Madison Metals Announces New Decentralized Uranium-Backed NFT to Challenge Futures Markets – Madison Metals (OTC:MMTLF)
Madison Metals MMTLF Chairman and CEO, Duane Parnham, has always been known as an innovator in mining. His latest gambit linking pounds-in-the-ground with non-fungible tokens (NFTs) is his latest idea to garner attention in the generally noisy world of uranium mining.
On September 30, Madison Metals announced the signing of a first-of-its-kind uranium forward sales agreement with Lux Partners Ltd. Lux Partners operates Lux networkthe first decentralized blockchain integrated with and powered by a network of regulated banking and remittance partners.
The five-year exclusive supply agreement provides for the delivery of up to 20 million pounds of U 3 O 8 from Madison’s uranium projects in Namibia following the commencement of commercial production. The fulfillment of the U 3 O 8 delivery would support the first ever uranium-backed non-fungible tokens. Lux will initially tokenize 7.65 million pounds of U 3 O 8 contributed by Madison to the Lux partnership, followed by a further 12.35 million pounds to be minted as conditions warrant.
The tokenization of pounds in the ground has a myriad of benefits for Madison Metals and unitholders, such as:
• Exposing the unit owners to upside in the uranium market while earning additional fees from lending and liquidity
• Provide non-dilutive capital to the Company to explore, develop and mine its properties
• To potentially expand Madison’s investor base through exposure to investors in the crypto market
Currently, sales and deliveries of uranium are usually fulfilled via forward contracts. A futures contract is a customized contract between two parties to buy or sell an asset at a specified price at a future date. They can be used for hedging or speculation, although its non-standard nature makes it particularly suitable for hedging.

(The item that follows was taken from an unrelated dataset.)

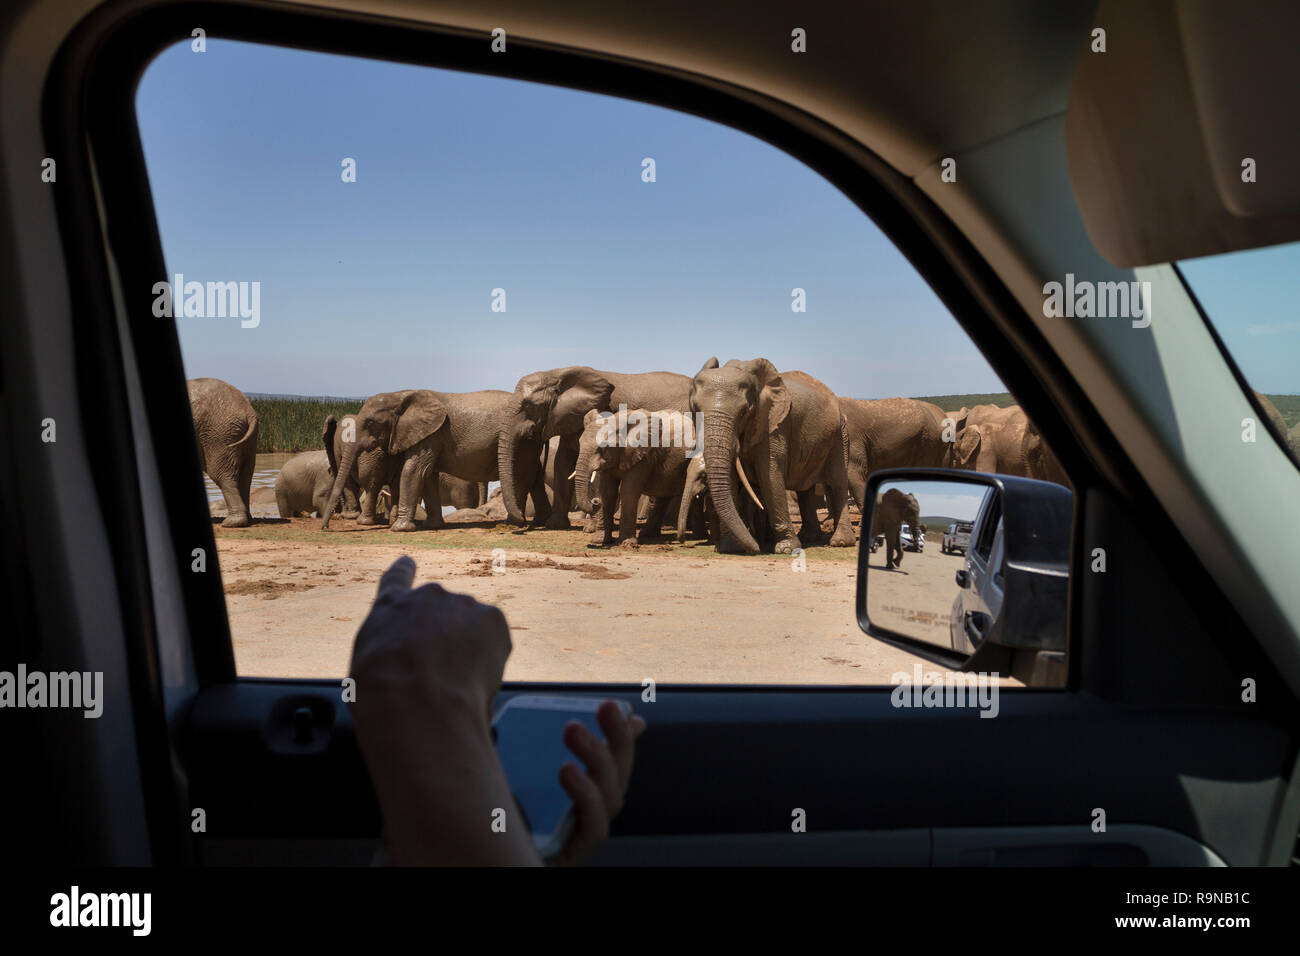 On a safari game drive at Addo Elephant National Park, South Africa. Watching a herd of elephants at Hapoor waterhole from inside the car. Stock Photo
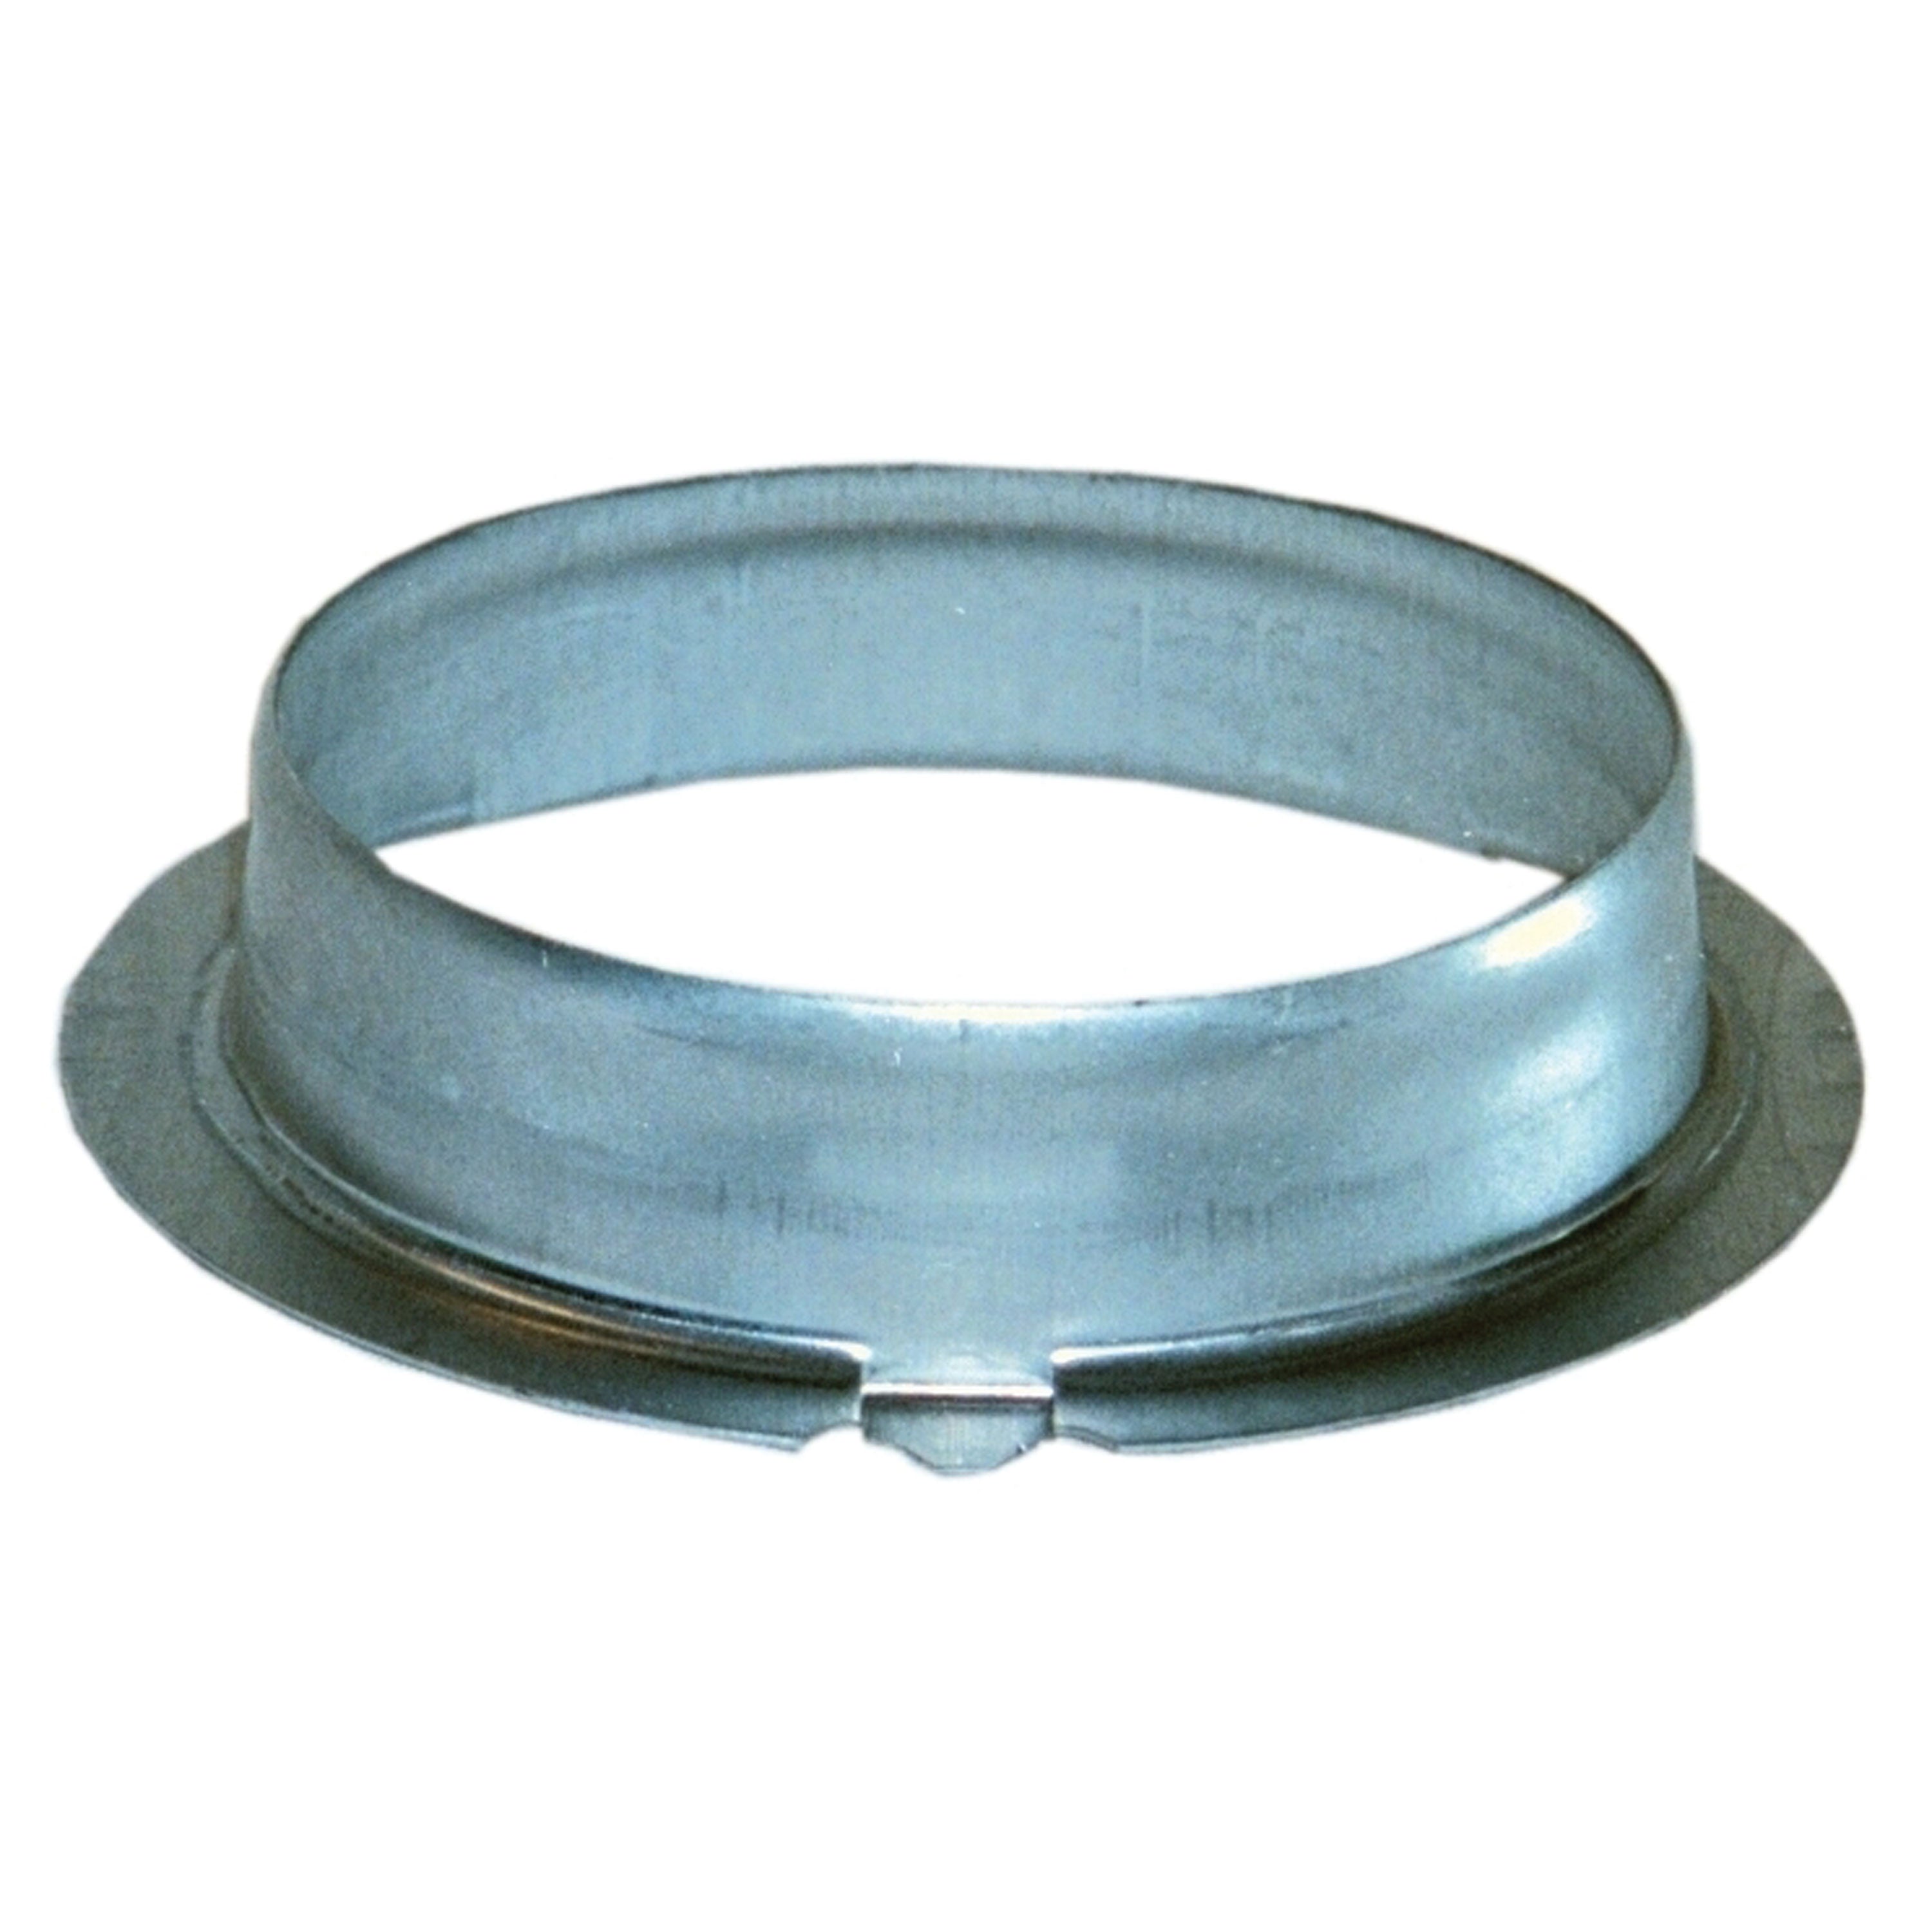 Suburban 051240 Furnace Duct Collar for P40 Models

Similar to a futures contract, uranium contracts are also traded as futures market contracts on exchanges such as COMEX. Futures contracts consist of one delivery on a future defined date and typically priced at or near the published spot market price at the time of purchase. A futures contract involves both a buyer and a seller – similar to an options contract. However, unlike options that may become worthless at expiration, a buyer is obligated to purchase and receive the underlying asset and the seller of the futures contract is obligated to deliver and deliver the underlying asset when the contract expires.
Now, through the tokenization of their developing uranium deposit in Namibia, Madison Metals is bringing contracts to the blockchain. However, just like a traditional miner, its main obligation remains to deliver the futures contract obligations it has committed to through NFT issuance facilitated by Lux.